And? Quicksort in general runs faster than Heapsort, yet the worst case performa...

lliiffee · on June 17, 2010

Note that properly implemented quicksort has expected O(n log n) time independent of the data (dependent only on the random choices of pivots), whereas interpolation sort's performance is data dependent. That's a pretty important distinction.

pbiggar · on June 18, 2010

Interestingly, that's not quite true: see http://www.scss.tcd.ie/~pbiggar/jea-2008.pdf, section 8.3.

I'll point out too that no quicksort implementation uses a truly random choice of pivot. Typically they use the median of three pivots to be pseudo-random.

lliiffee · on June 19, 2010

Your second point may be valid, though not literally. I've implemented quicksort, and I used (pseudo) random pivots, damnit! :)

The article you point to doesn't seem to address the complexity of quicksort with random pivots.
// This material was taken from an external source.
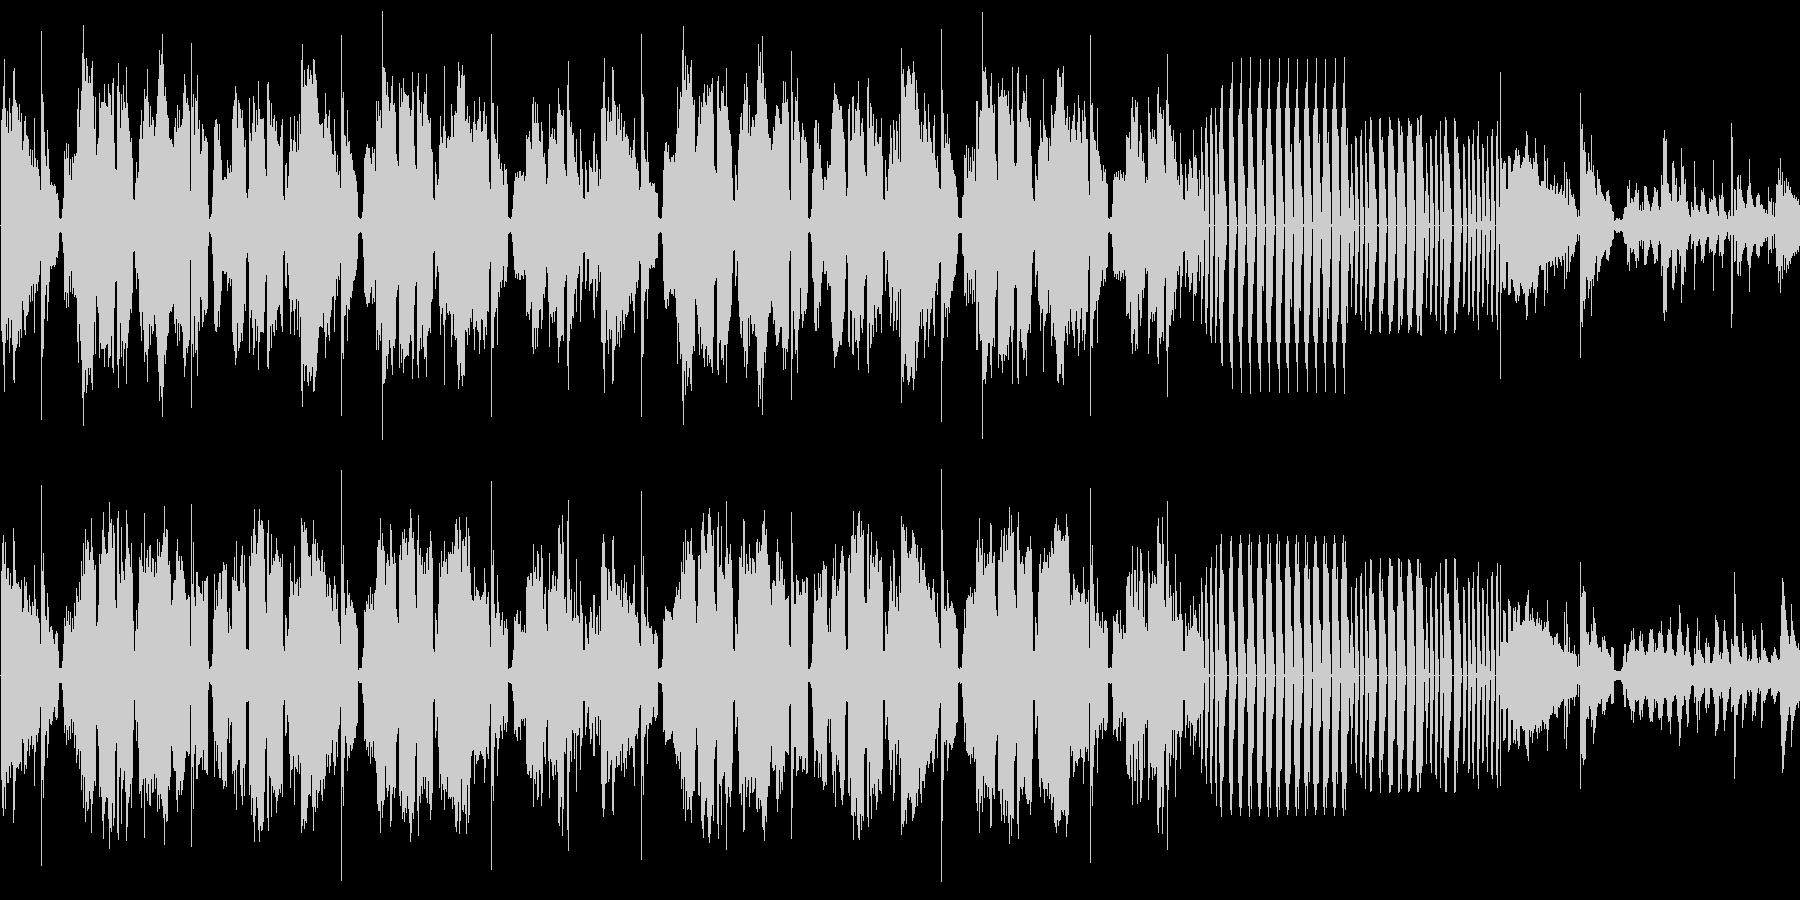 【ファンタジー/幻想的/エレクトロニカ】の未再生の波形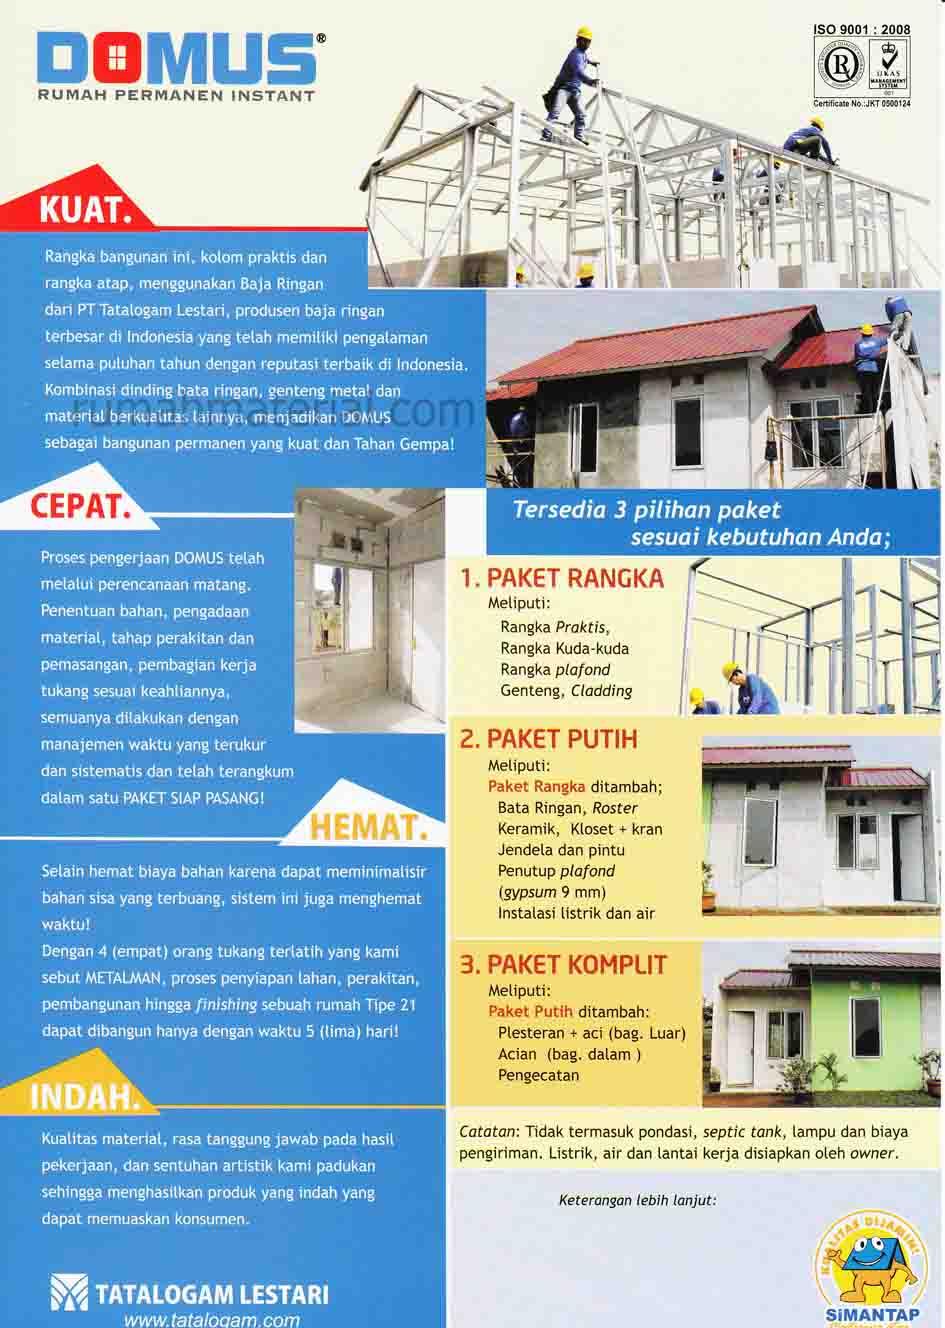 Rumah Permanen Instan Domus Kuat Cepat Hemat Material Keunggulan Desain

However, that is proven to be expected O(n log n) time for any data in Motwani's Randomized Algorithms book, and I don't think the correctness of that has ever been questioned.

pbiggar · on June 20, 2010

> The article you point to doesn't seem to address the complexity of quicksort with random pivots.

That paper is about experimental algorithmics, and avoids discussions of things which aren't practical (such as using truly random pivots).

> However, that is proven to be expected O(n log n) time for any data in Motwani's Randomized Algorithms book, and I don't think the correctness of that has ever been questioned.

Right, but since there are no truly random quicksorts, its hardly a concern.

lliiffee · on June 21, 2010

Please clarify: Why are random pivots not practical? And why do you say there are no truly random quicksorts? Because pseudorandom numbers aren't really random, or for some other reason?

pbiggar · on June 22, 2010

> Why are random pivots not practical?

The cost of true randomness is really high (in execution time)

> And why do you say there are no truly random quicksorts?

Because pseudo-random numbers aren't really random.

The only reason this is important is that the pseudo-randomness means that its possible the construct an adversarial input, which could drive the quicksort to take N^2 time.

ramchip · on June 17, 2010

> If they implemented it, I'm sure they've found that there's a performance boost for large datasets.

Argh! Perhaps I take things too literally, but the logic in this statement is just painful.

pbiggar · on June 17, 2010

Only naive implementations of quicksort take O(n^2) time. Most good implementations will switch to another sort (generally heapsort) after detecting adversarial conditions.

jemfinch · on June 17, 2010

In which case they cease to be quicksort, and are instead called "introsort": http://en.wikipedia.org/wiki/Introsort

pbiggar · on June 18, 2010

My point was that we should give good hackers the benefit of the doubt when they say quicksort, as they are likely to actually be talking about introsort. GNU C uses introsort to implement qsort, and if I were to implement quicksort for an important job, I certainly wouldn't overlook the fact that it can run to O(N^2).